Le gaspillage alimentaire n’est pas seulement un problème moral et éthique, c’est aussi un problème environnemental. S’il était un pays, il serait le troisième plus gros émetteur de GES provenant de la décomposition des denrées. Plusieurs mouvements appellent donc les consommateurs à changer de comportement, par exemple en achetant des fruits et des légumes « moches ». En outre, on observe des améliorations au niveau des filières de production, et surtout aux étapes qui suivent la récolte, qui visent à réduire les pertes et à allonger la durée de vie des aliments grâce, notamment, à de meilleures conditions de stockage. Au Bangladesh, la Banque mondiale a par exemple financé des silos en acier (a) dans lesquels on peut entreposer des céréales pendant trois ans.

L’agriculture climato-intelligente et la réduction du gaspillage alimentaire peuvent-elles permettre de vaincre la faim ?

Oui, mais d’autres mesures sont également nécessaires. Surtout face à cette « faim invisible » que constitue le fléau de la malnutrition, c’est-à-dire quand l’alimentation ne satisfait pas les besoins nutritionnels. Environ 156 millions d’enfants de moins de cinq ans souffrent d’un retard de croissance parce qu’ils ne reçoivent pas suffisamment de micronutriments. Ces enfants ne peuvent pas grandir et se développer dans de bonnes conditions. Et l’obésité, qui ne cesse d’augmenter dans le monde, est un autre problème lié à la malnutrition.

L’obésité n’est-elle pas avant tout un problème de pays riche ?

Quelque 62 % des 2,1 milliards de personnes en surpoids ou obèses vivent dans des pays en développement. Le coût économique de l’obésité avoisine 2 000 milliards de dollars. Par conséquent, non seulement l’agriculture doit être climato-intelligente, mais elle doit aussi prendre en compte la question de la nutrition. 

Comment la Banque mondiale participe-t-elle à la lutte contre la faim ?

La Banque travaille avec les pays à la mise en place d’un système de production durable, qui permettra à l’ensemble de la population, dans toutes les régions du monde, d’avoir accès à une alimentation saine et nutritive.
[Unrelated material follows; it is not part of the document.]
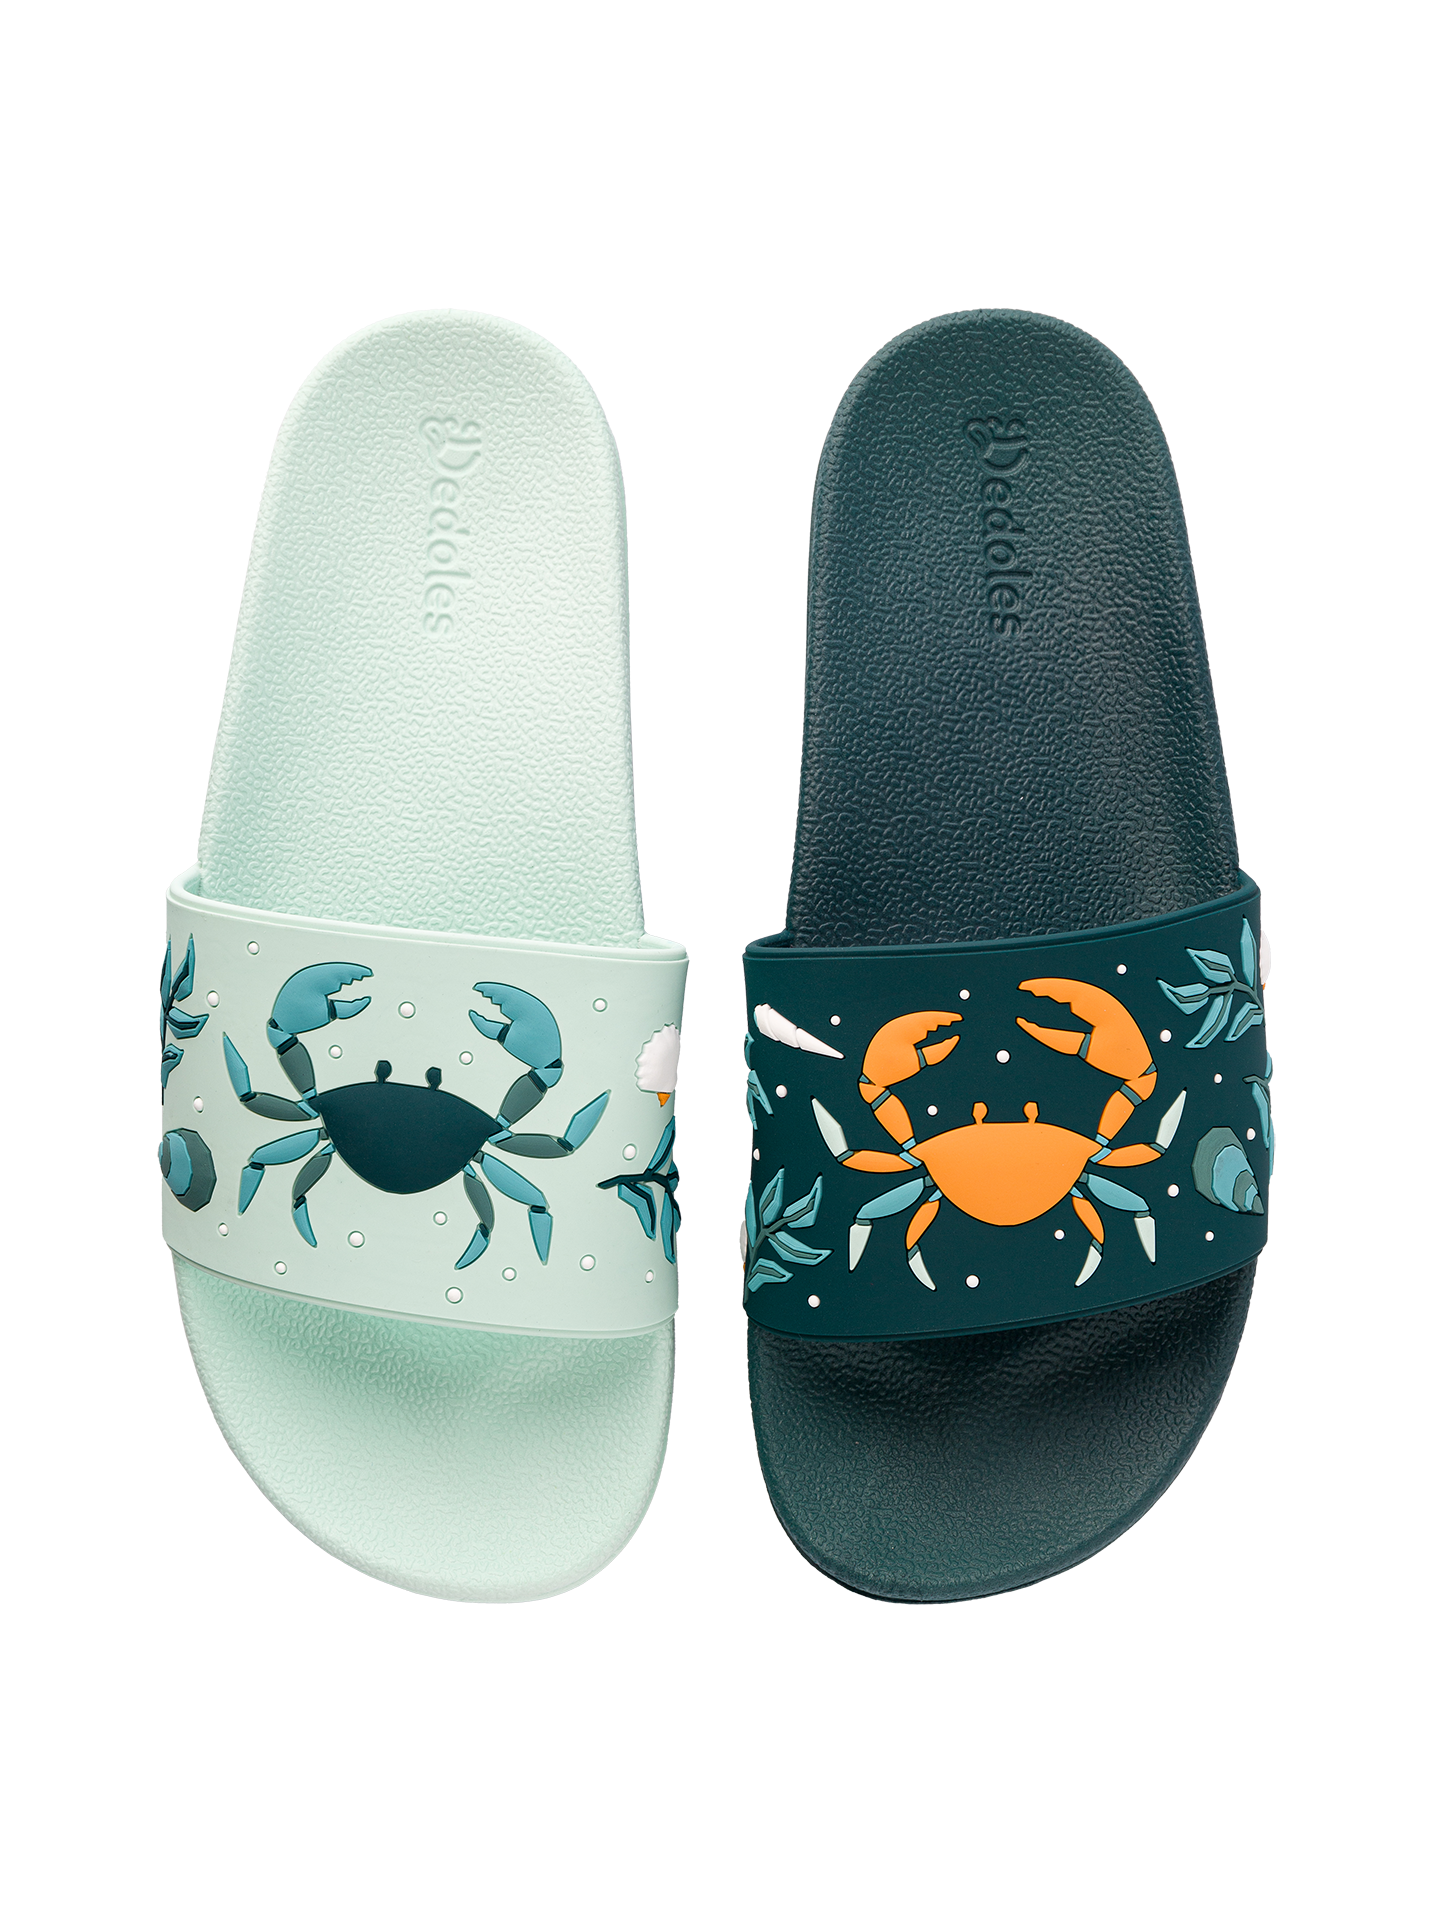 Slides Sea Crab

Au Niger, nous avons récemment lancé le premier projet axé sur l’agriculture climato-intelligente en Afrique. En encourageant l’utilisation de semences résistantes à la sécheresse et l’agriculture de conservation, ce projet ouvrira la voie à une nouvelle génération de programmes agricoles sur ce continent.

La Banque s’attache aussi à déployer cette approche dans le reste du monde. Pour vérifier que tous ses projets concernant le secteur agricole sont « climato-intelligents », elle évalue le risque climatique et comptabilise les émissions de GES systématiquement.
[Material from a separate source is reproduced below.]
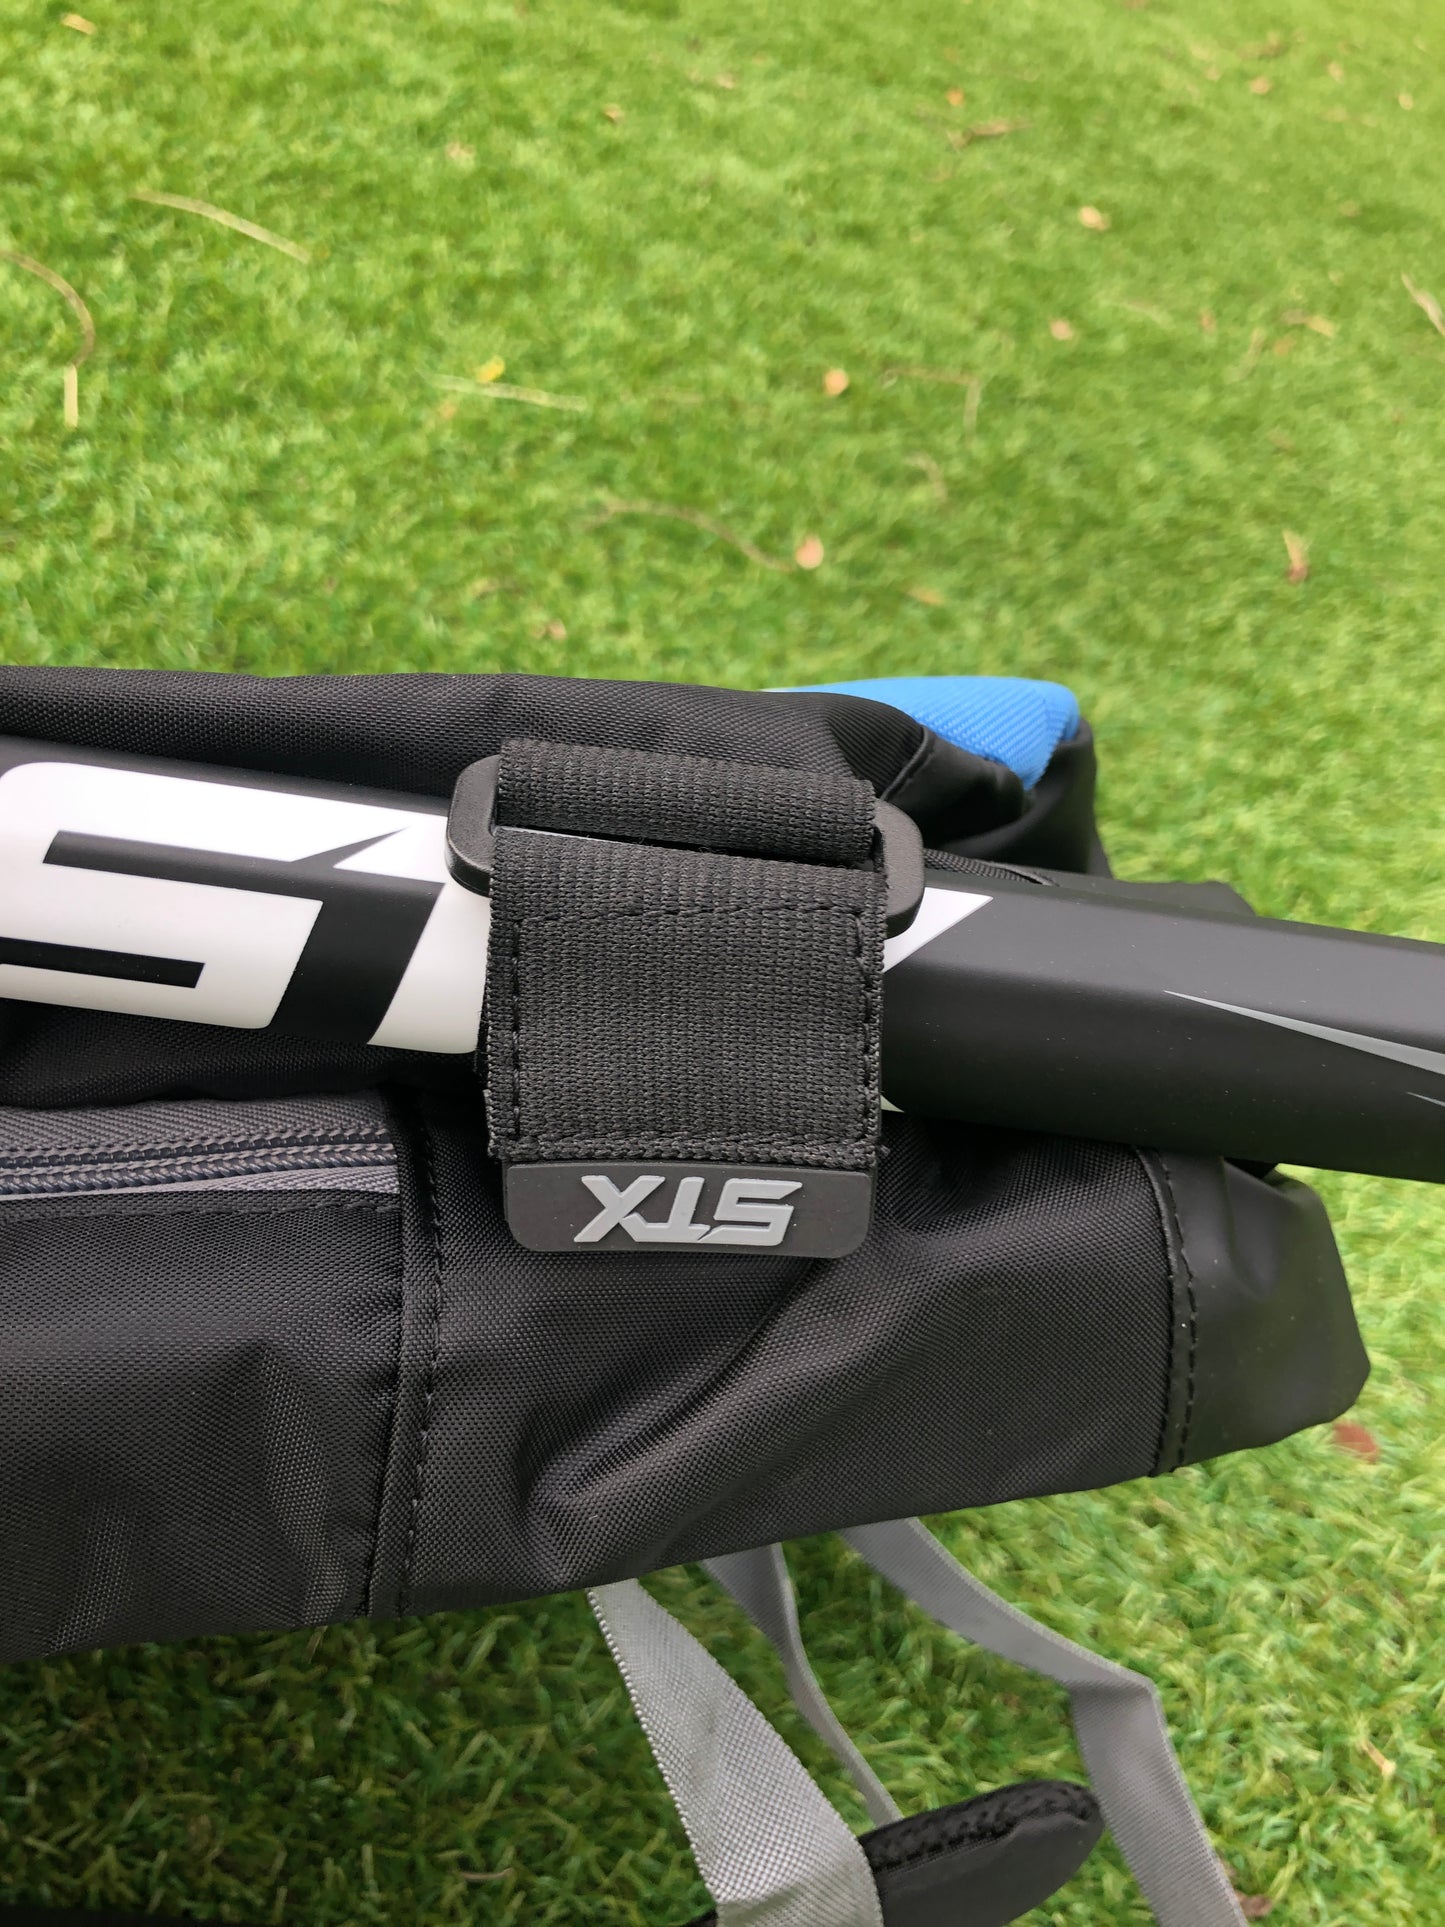 STX Sidewinder Lacrosse Backpack

Peut-on vaincre la faim et nourrir l’ensemble de la population mondiale d’ici 2030 ?

Oui, on peut y parvenir. Si nous voulons mettre fin à la pauvreté et promouvoir une prospérité partagée, nous devons nous doter d’un système durable qui permettra à tous les habitants de cette planète d’avoir accès à une alimentation suffisamment nutritive. La croissance de l’agriculture est deux à quatre fois plus efficace que la croissance d’autres secteurs d’activité pour améliorer le revenu des plus démunis.
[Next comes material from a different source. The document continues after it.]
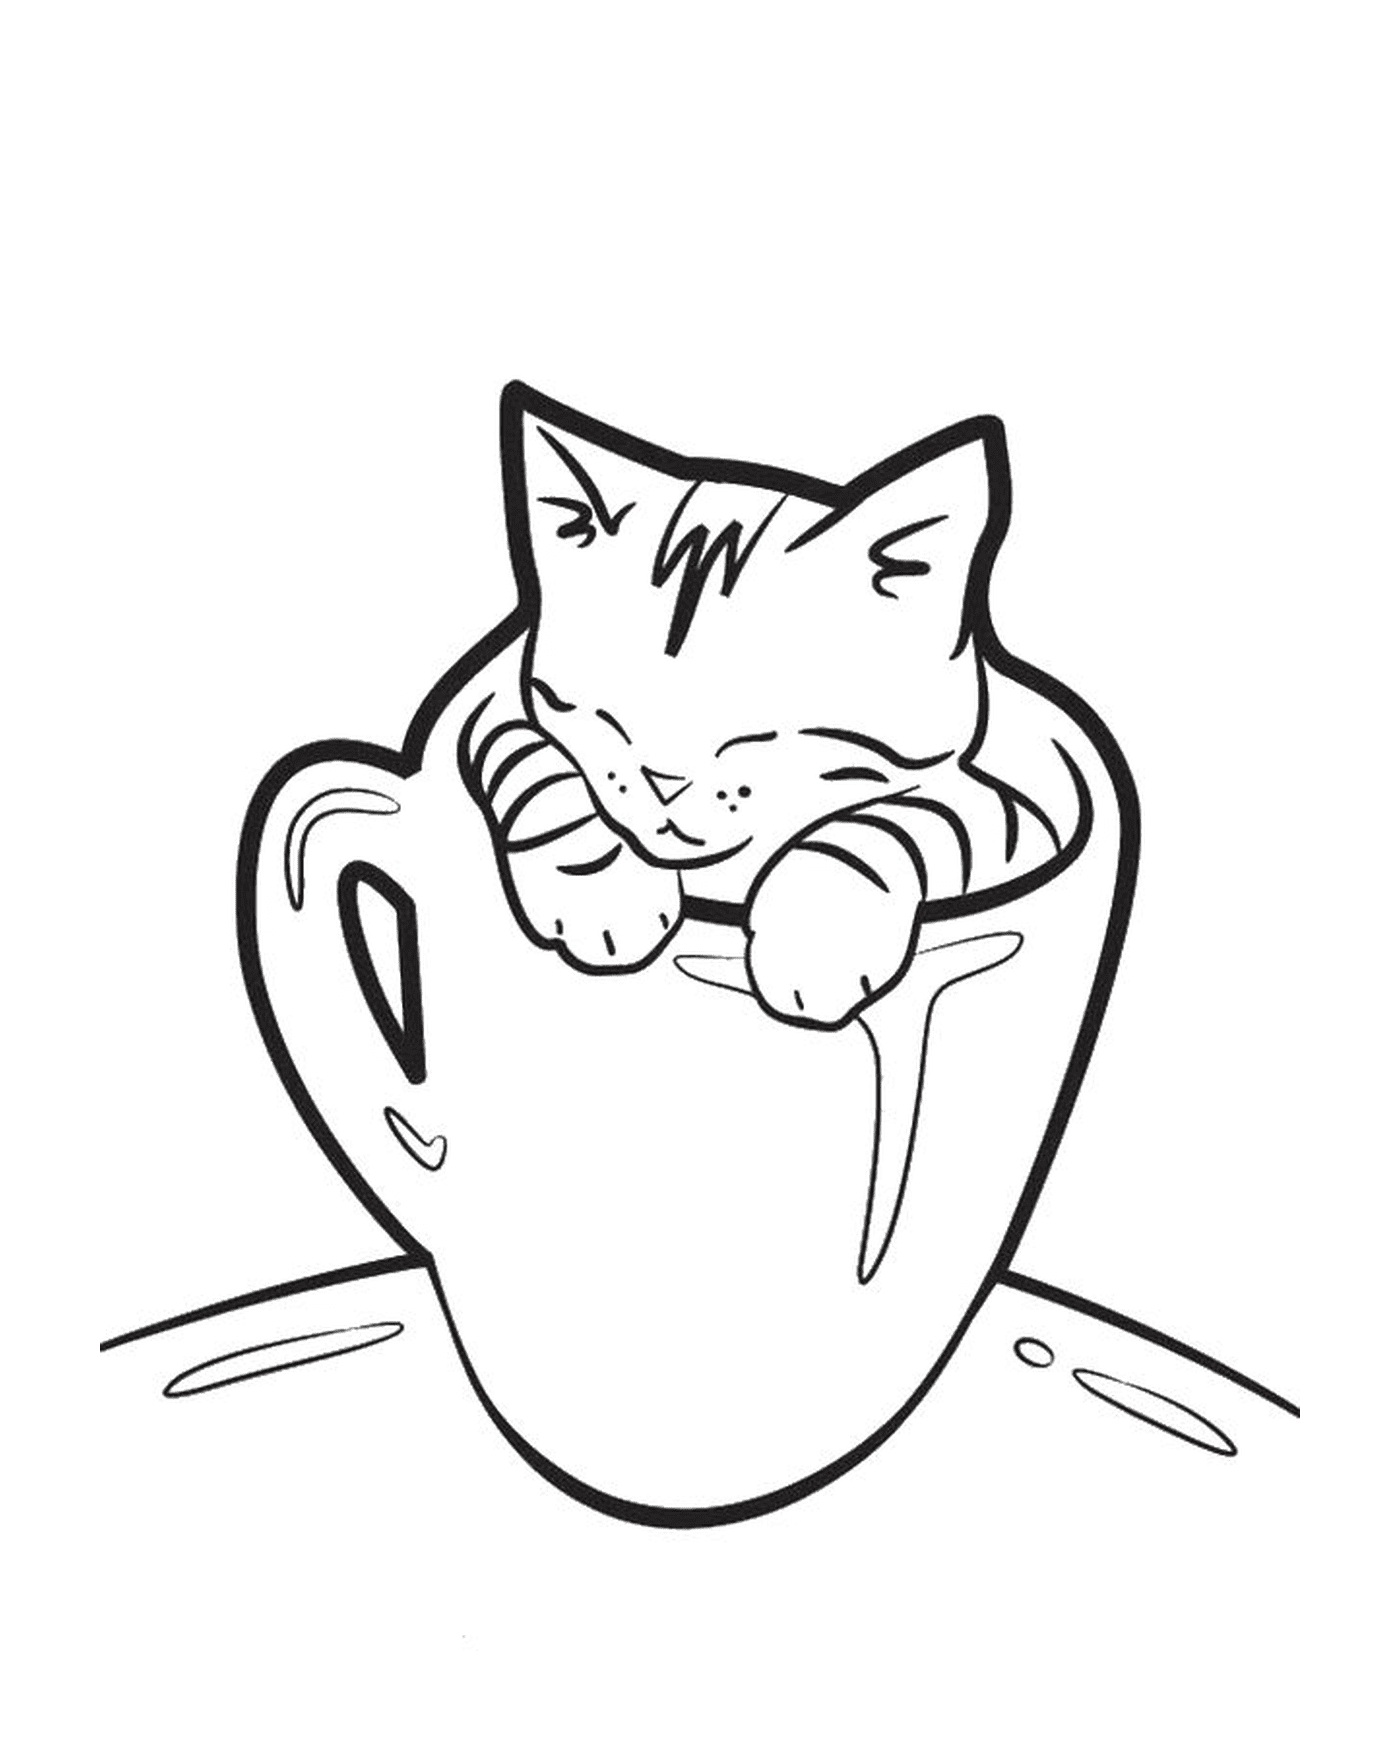  كوب من القهوة مع قطة مضحكة

J’explique souvent que l’agriculture n’a pas seulement à voir avec la sécurité alimentaire et avec la nutrition, mais également avec la paix et la sécurité tout court. L’insécurité alimentaire est l’une des principales causes des conflits armés et des déplacements de populations, comme par exemple, à l’heure actuelle, au Soudan du Sud. Un système d’alimentation durable est un élément central dans l’équation du développement, mais aussi un facteur de stabilité et une source d’opportunités pour les générations futures.